Located opposite one of Georgia's most famous and pristine squares, Savannah (Monterey Square in the city's historic center), the historic Mercer Williams home extends to Jim Williams, restored in the 1860s. Go back.
This Italian resurrection is the premature death of three people: Tommy Downs, 11 years old, who fell off the roof in 1969, Williams, who shot and killed Danny Hansford in 1981, and Williams himself died in the same. It was the scene of. A room as Hansford less than a year after he was acquitted of Hansford's death in his fourth trial. If the story sounds familiar, it's probably because you know it from the best-selling midnight in the garden of good and evil. Like the rest of the city, the house is said to have been built directly on a tomb without a grave marker. Crime rumors and the resulting ghost stories are widespread to this day.
The whole picture of Mercer Williams's house is featured in the episode of House Beautiful's Haunted House Podcast Dark House. Listen here.
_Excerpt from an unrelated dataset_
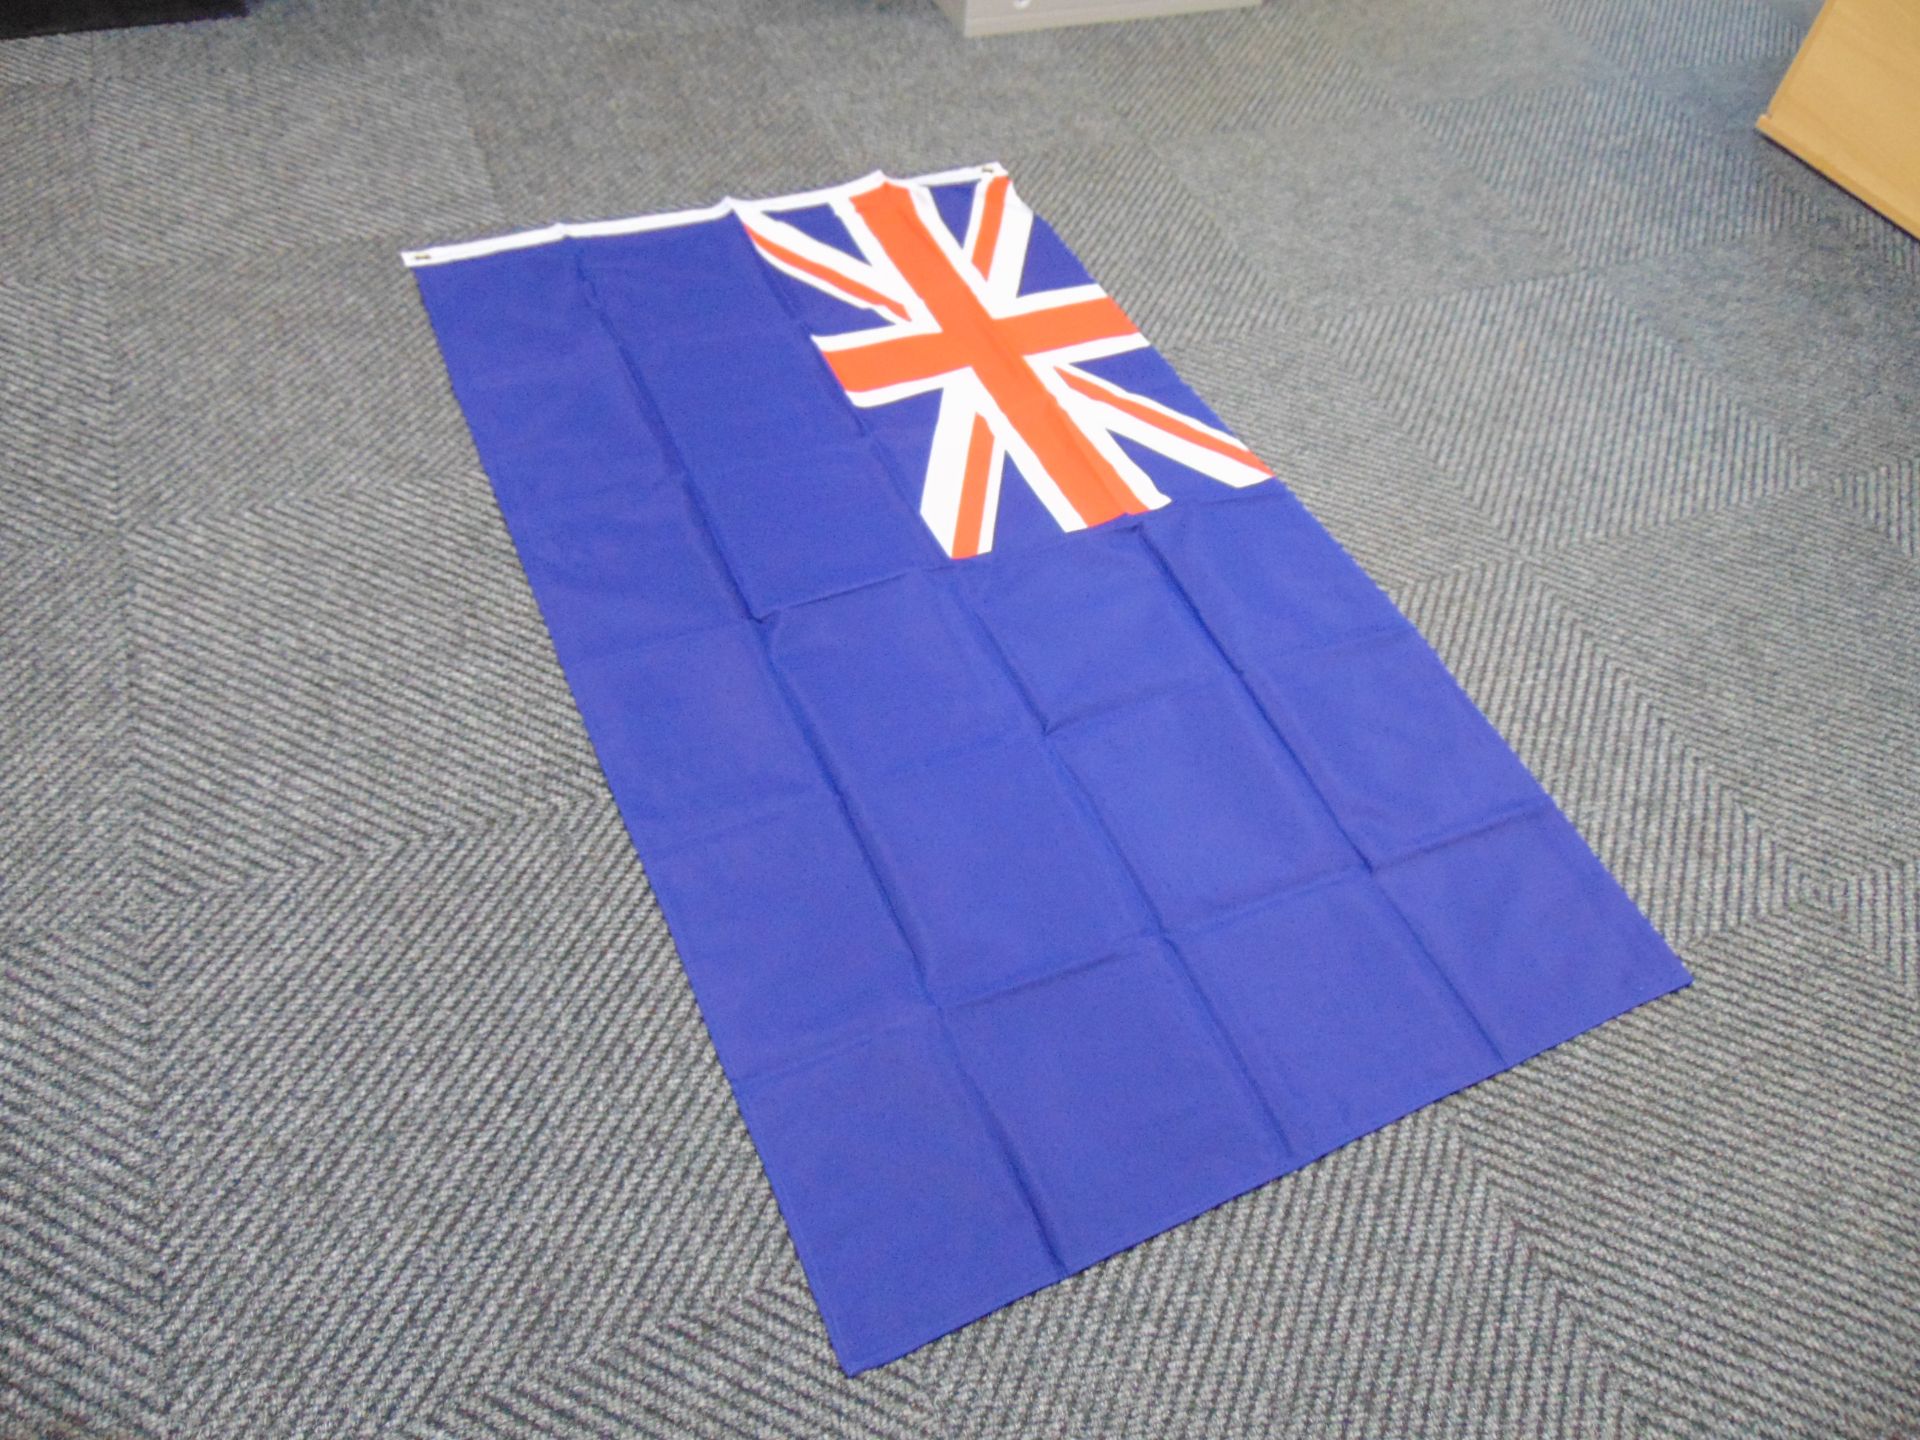 Blue Ensign Flag - 5ft x 3ft with Metal Eyelets. - Image 5 of 6

Known as the Gray Gardens, East Hampton's Grand Estate has a fascinating history and many ups and downs. The four-acre site where the house is currently located is located in the George Beach district of East Hampton, one of the most expensive areas in the world, and was wealthy in 1895 before the house was built in the early 1900s. Purchased by a couple.
By 1913, it was sold to the president of a coal company and his wife Anna Gilman Hill, importing ornate concrete walls from Spain to surround the garden. The house was named Gray Garden because of the color of the dunes, the walls of the cement garden, and the fog of the sea. Then, in 1923, the house was sold to Edith Bouvier Beale (the aunt of Jackie Onassis Kennedy and Lee Radziwill's parents) and her family.
After a series of misfortunes and financial losses, the house was devastated and attacked by cats and raccoons (and perhaps something not from this kingdom?). This is because Big Eddie Beer and her daughter Little Eddie Beer couldn't afford it. Maintain your own mansion. The story of a woman (and Star Power!) Was made famous by Albert and David Maysles in a 1975 documentary.
Big Eddie retains her property until her death in 1977, her spirit remains in Gray Gardens, and she is said to be watching over the house. Among the followers is Sally Quinn, the best-known writer and journalist in her column at The Washington Post, where she bought Little Eddie's house in 1979 and vowed to be haunted.